* **Try it**
Copy nothing but the lines below, from the one with "Crochet stuffed Mei" through the one with "Implied Hikes For", exactly as written; no pictures should appear.
(Supplied data)
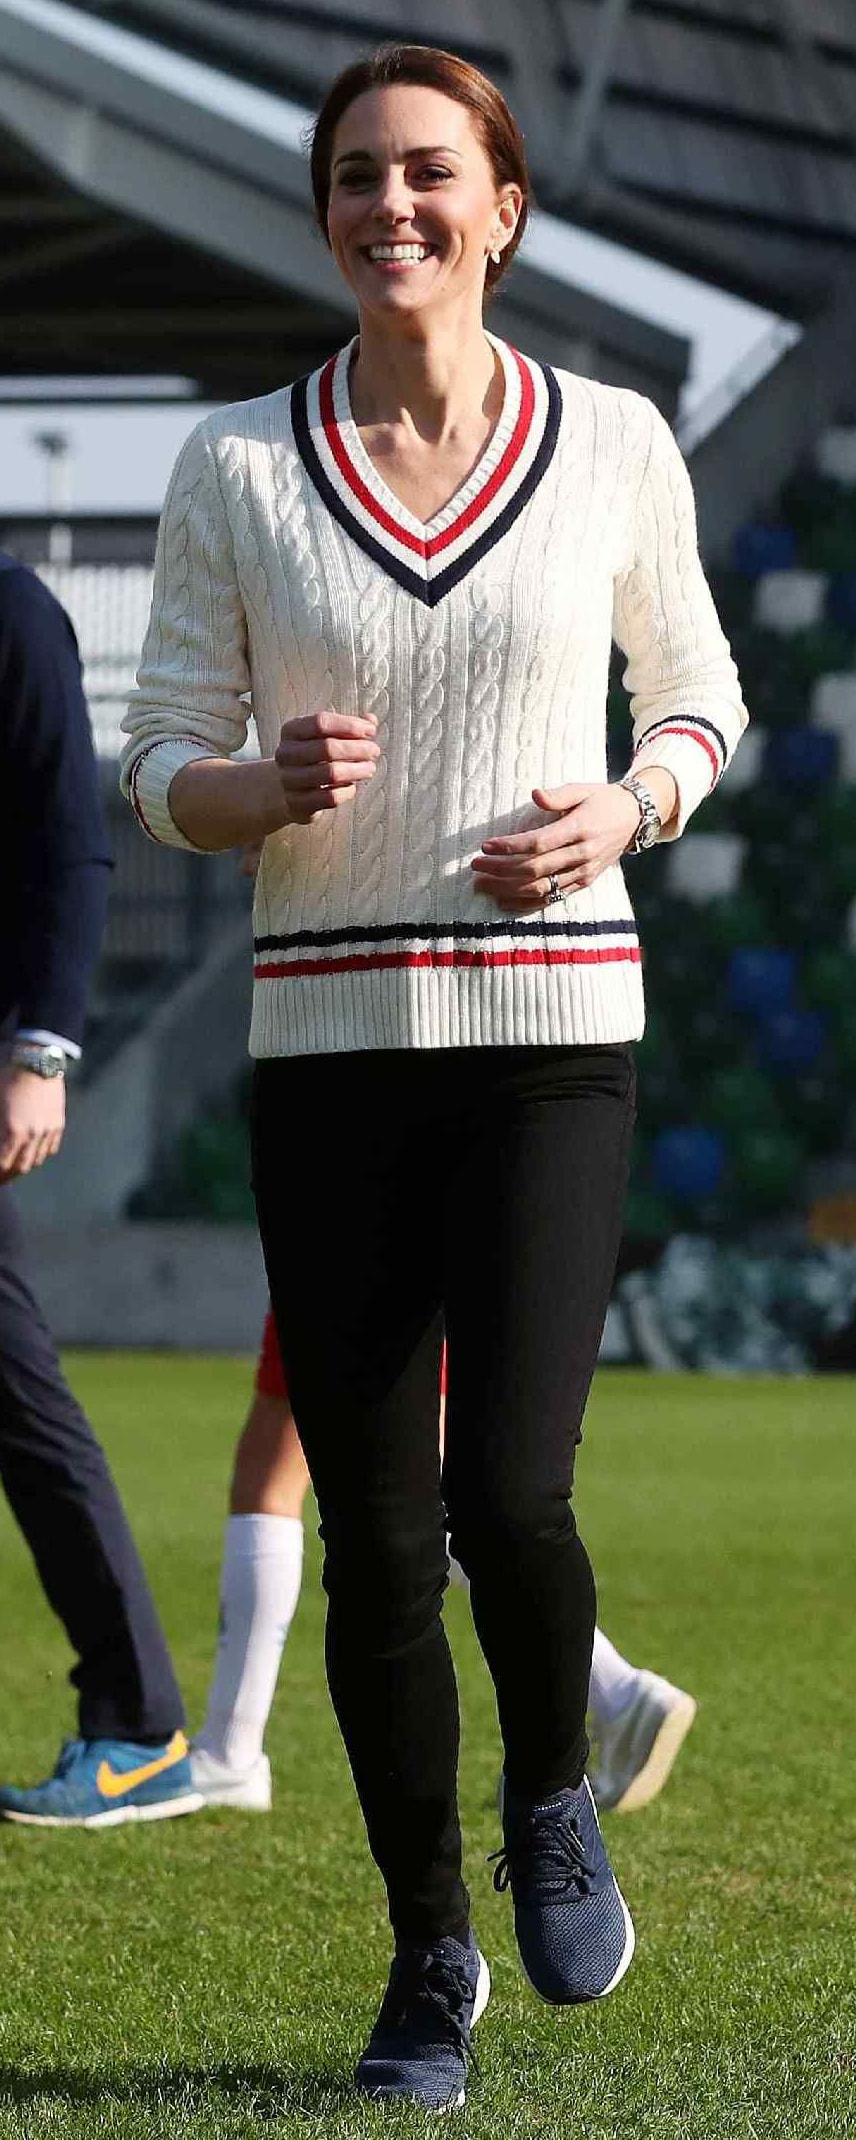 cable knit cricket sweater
(End Supplied data)
(Supplied data)
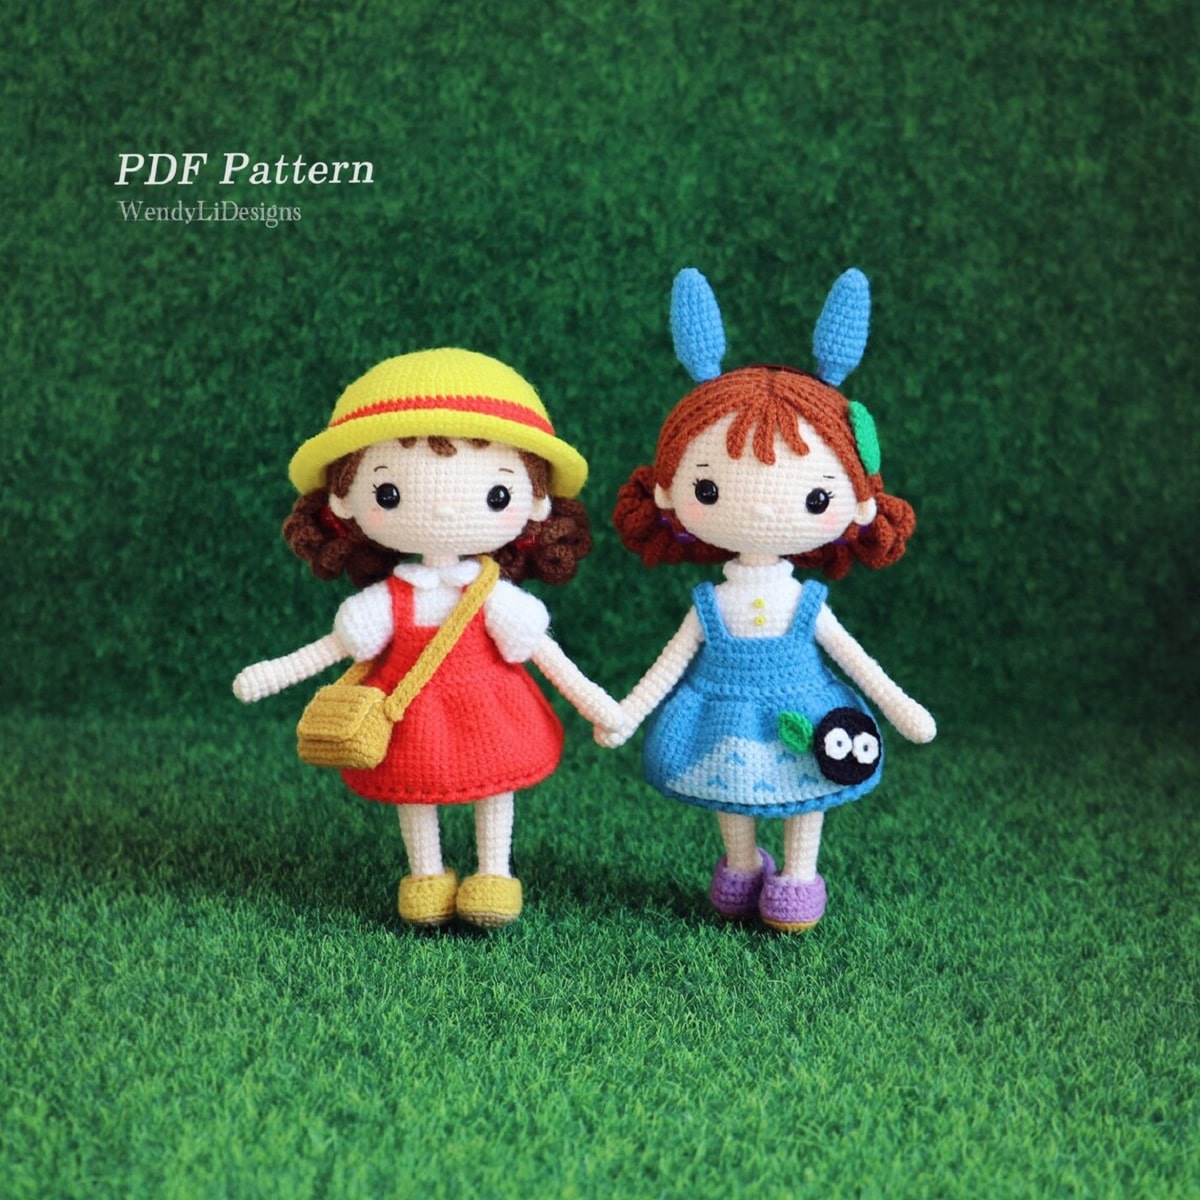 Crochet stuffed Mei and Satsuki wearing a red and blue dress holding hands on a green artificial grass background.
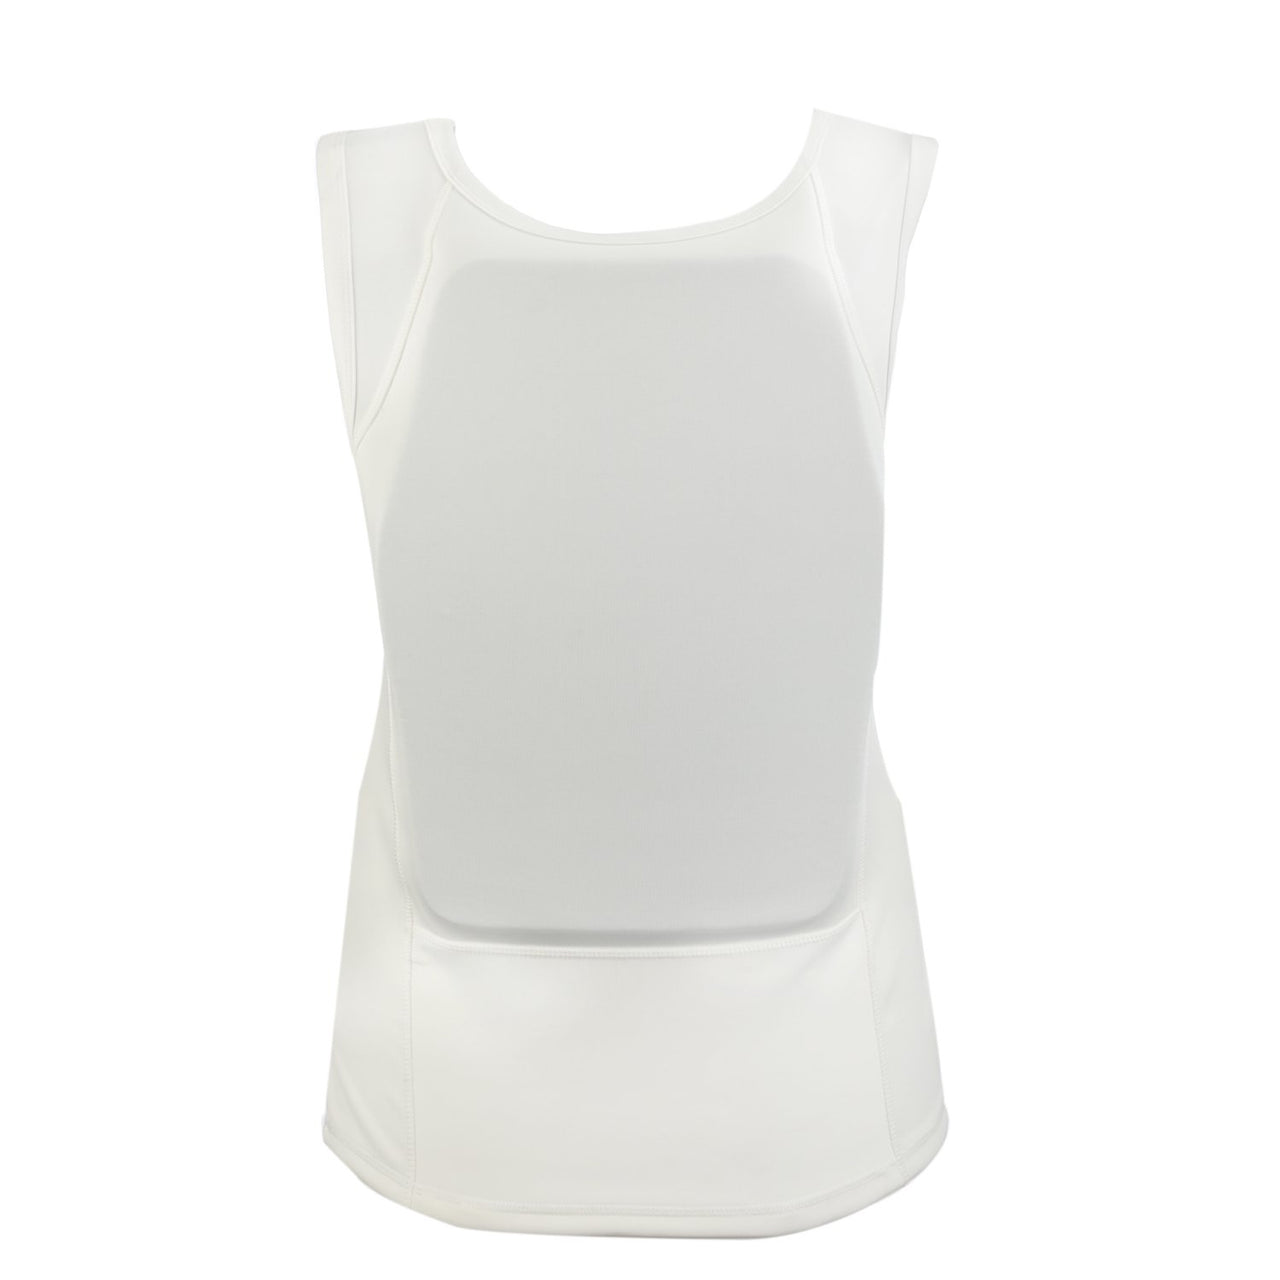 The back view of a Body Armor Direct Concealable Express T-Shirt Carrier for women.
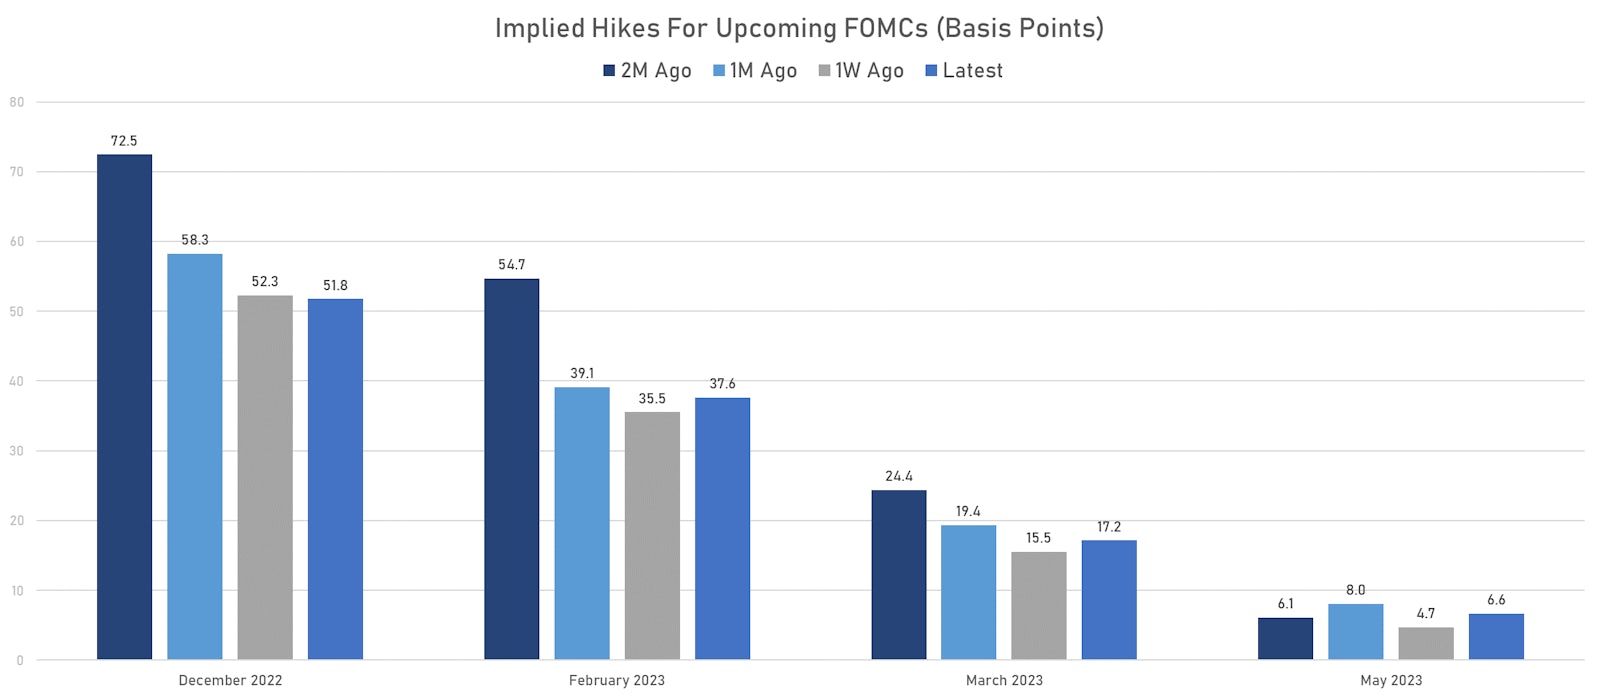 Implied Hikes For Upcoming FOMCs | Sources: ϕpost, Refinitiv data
(End Supplied data)
(Supplied data)
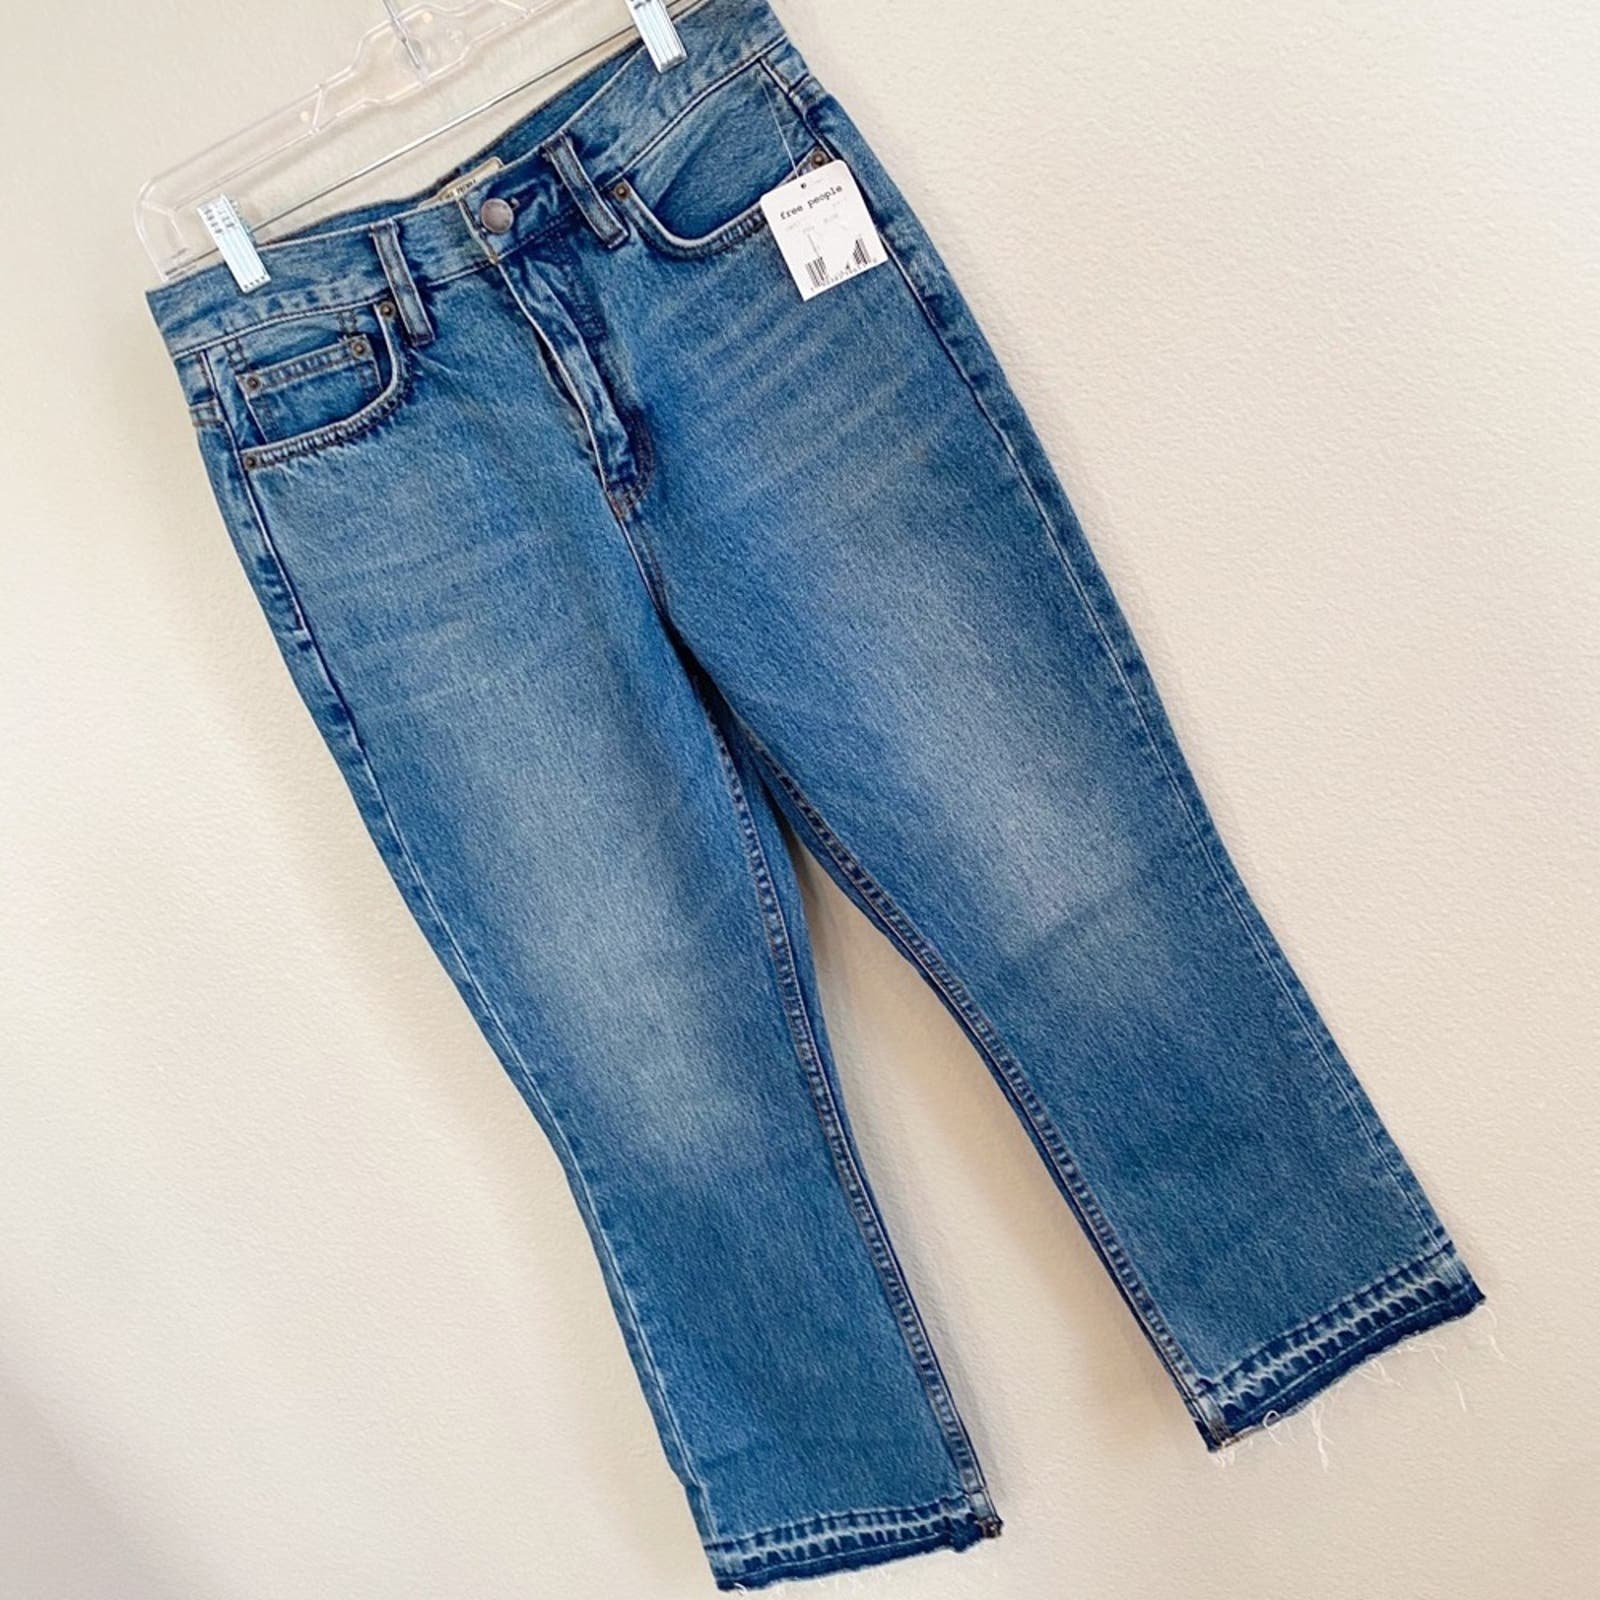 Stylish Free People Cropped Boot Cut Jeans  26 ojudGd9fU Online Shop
(End Supplied data)
* **Result of the task**
 Crochet stuffed Mei and Satsuki wearing a red and blue dress holding hands on a green artificial grass background.
 The back view of a Body Armor Direct Concealable Express T-Shirt Carrier for women.
 Implied Hikes For Upcoming FOMCs | Sources: ϕpost, Refinitiv data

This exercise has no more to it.